Le rituel d’arrêt susmentionné
Le plus dur quand on est en mode hyperfocus ? Arrêt. Alors, quand il est temps pour moi de fermer boutique à la fin de la journée, je dois quitter physiquement l’espace dans lequel je me trouve.
Et c’est là qu’intervient mon rituel de préparation du thé.
Je me prépare une tasse de thé à la lavande (sans caféine !) presque tous les soirs, et cette routine à elle seule signale la fin de la journée. Je ne sais pas exactement ce que c’est. C’est peut-être la chaleur de la tasse ou le rituel consistant à allumer la cuisinière pour chauffer la bouilloire. Quoi qu’il en soit, c’est ancré.
Lors d’arrêts durs
Alors, que se passe-t-il lorsque j’ai du mal à désactiver l’hyperconcentration ? Dans ces situations, je trouve que je dois supprimer complètement la tentation. C’est là qu’intervient une extension de blocage de site appelée FocusGuard.

Cette application vous permet de bloquer des sites spécifiques en un seul clic. Accédez simplement au site Web que vous souhaitez bloquer, ouvrez l’extension, sélectionnez le bouton bleu Bloquer le site actuel et… boum ! C’est fait.
J’utilise cette extension pour bloquer l’accès aux réseaux sociaux et à Google Docs, où j’écris la plupart de mes écrits. Cela peut sembler extrême de bloquer l’accès à ces sites Web, mais parfois, Hyperfocus ne veut pas coopérer avec les suggestions polies de Break Timer. Il a en quelque sorte besoin de quelqu’un (ou quelque chose) pour le pousser hors de la falaise et c’est ce que fait cette extension.
Rendre mon environnement plus intelligent
Mon hyperconcentration ne disparaîtra probablement jamais, et je ne le voudrais pas non plus. C’est juste qui je suis à ce stade.

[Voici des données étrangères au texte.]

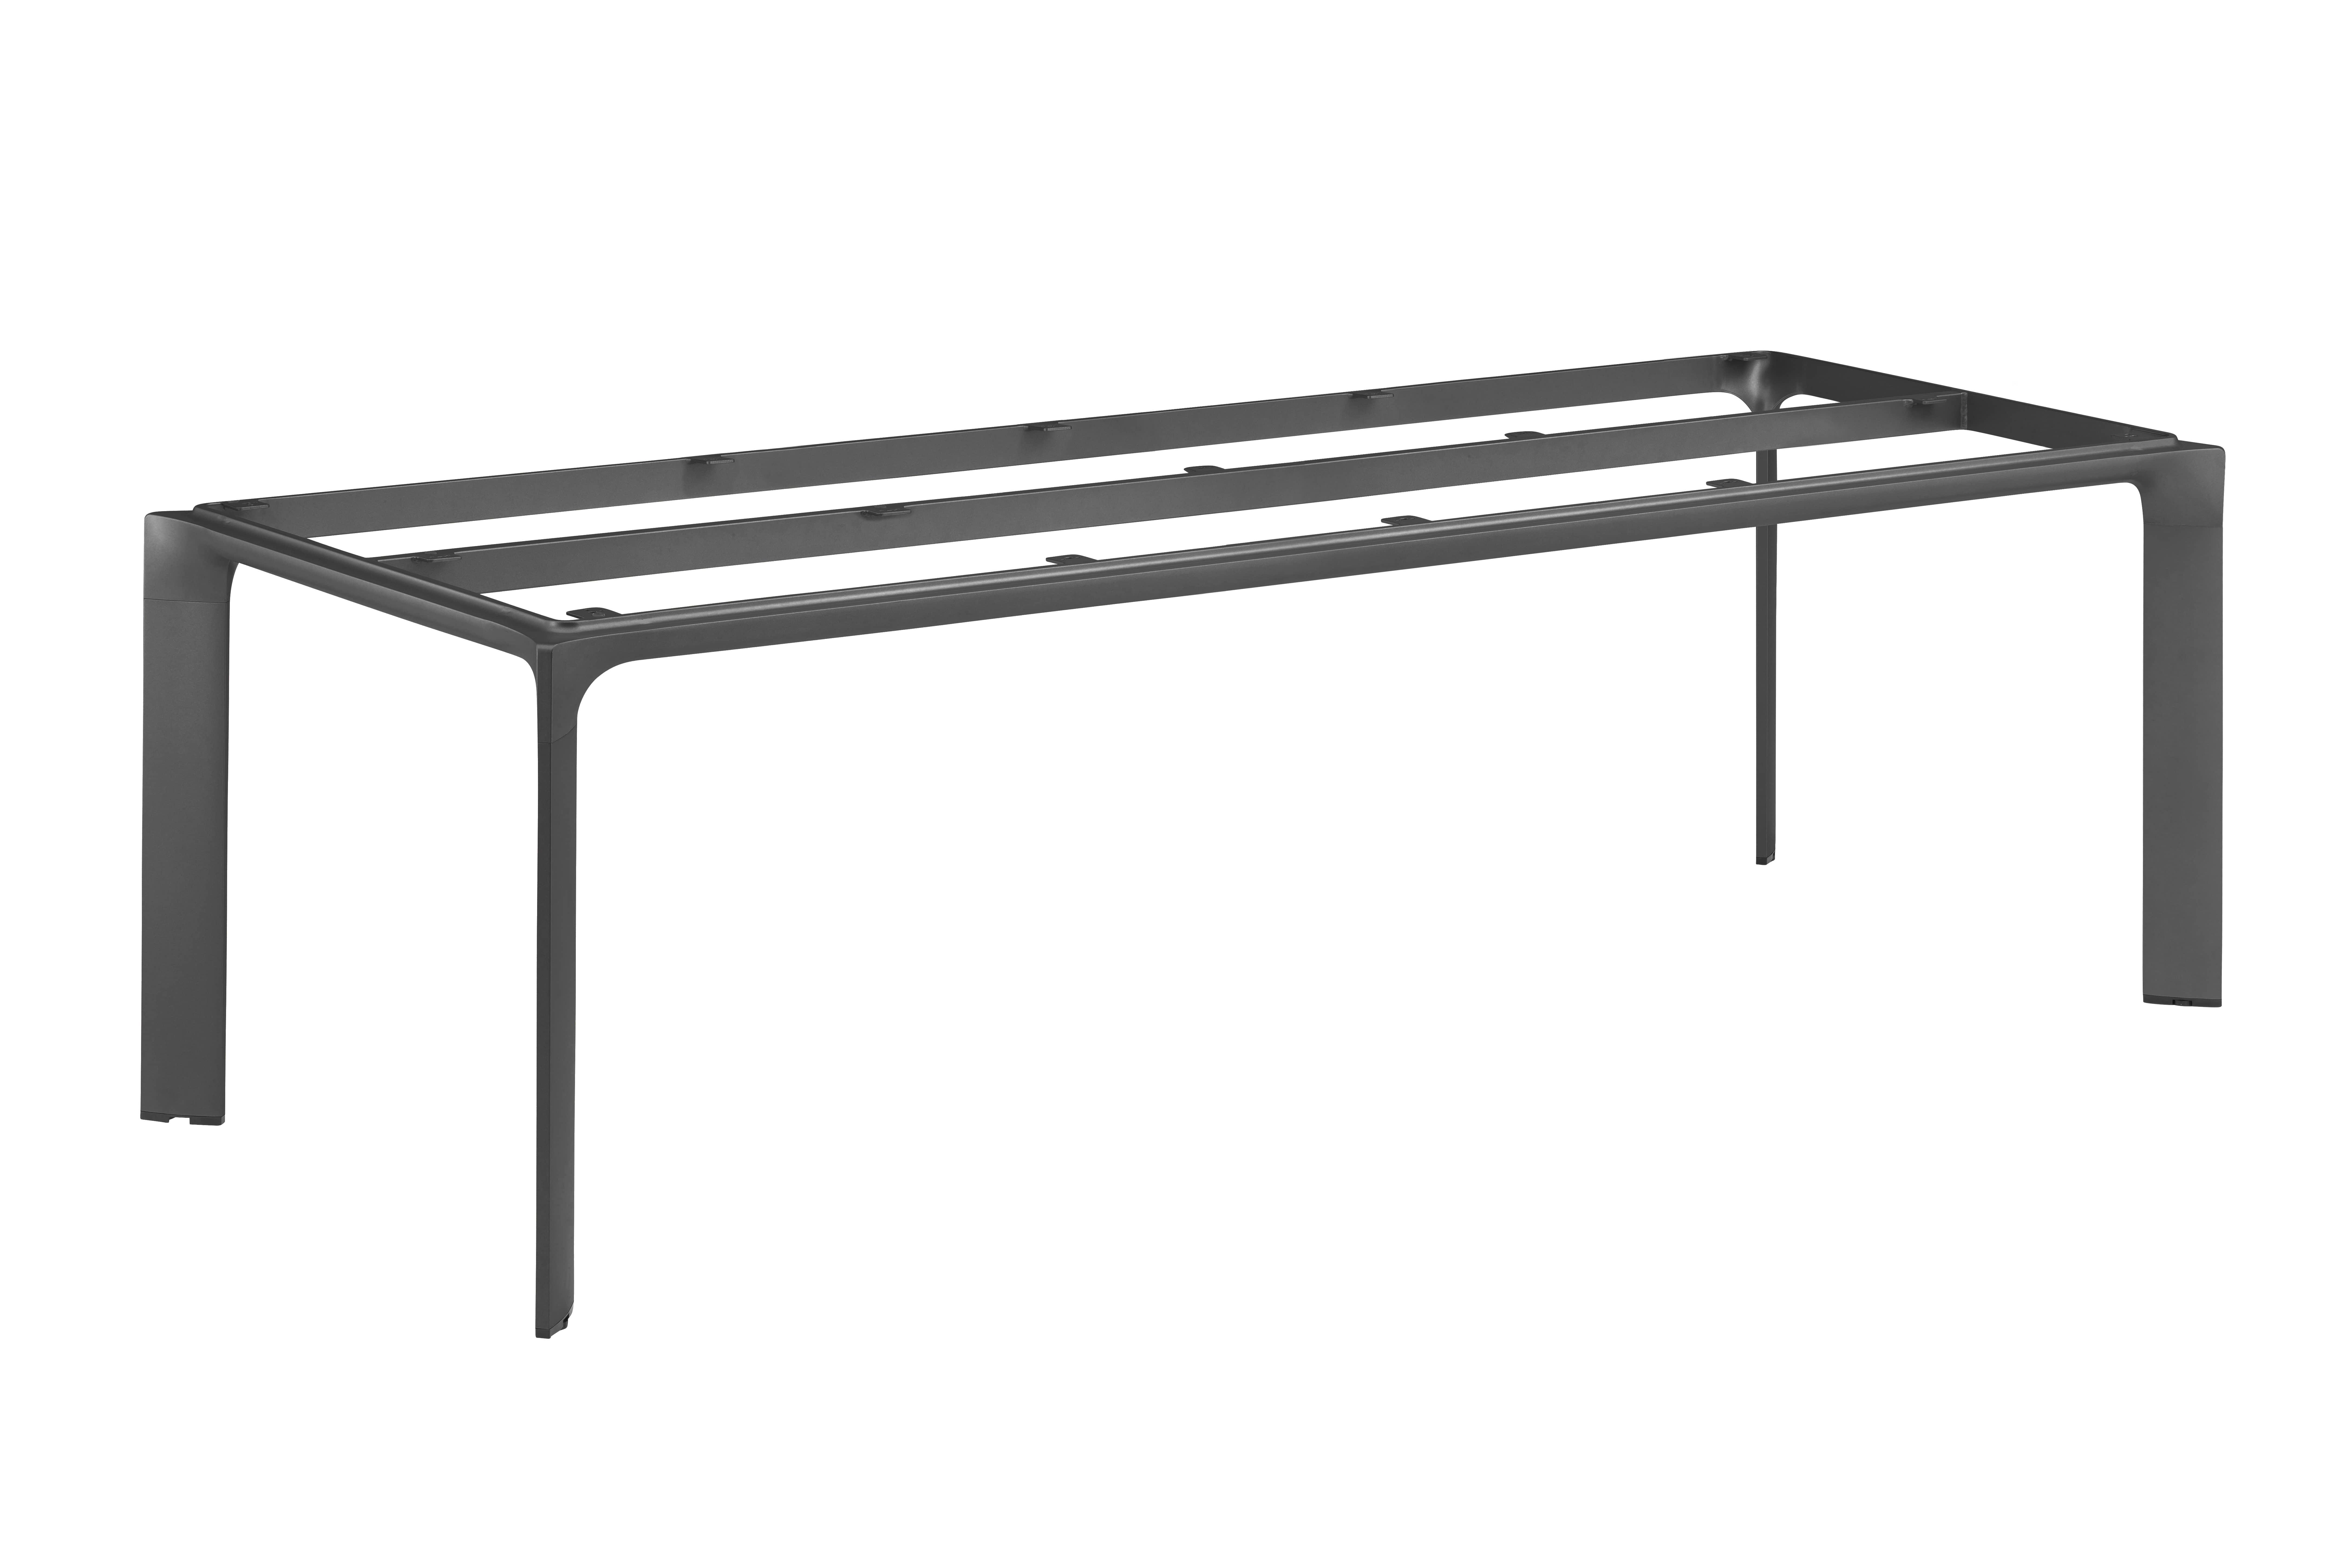 DIAMOND Tischgestell 220 x 96 cm

Mais c’est exactement pourquoi j’ai fait en sorte que mon environnement travaille avec moi et non contre moi : je me connais suffisamment bien pour savoir ce qui fonctionne et ce qui ne fonctionne pas. Cela dit, tout n’est pas rose.
Il y a des moments où mon cerveau fait ce qu’il veut. Parfois, j’ignore les rappels et tout ce que j’ai mis en place et je continue à travailler, même lorsque j’ai vraiment besoin d’une pause. Mais la plupart du temps ? Ces petits ajustements suffisent à me ramener sur terre.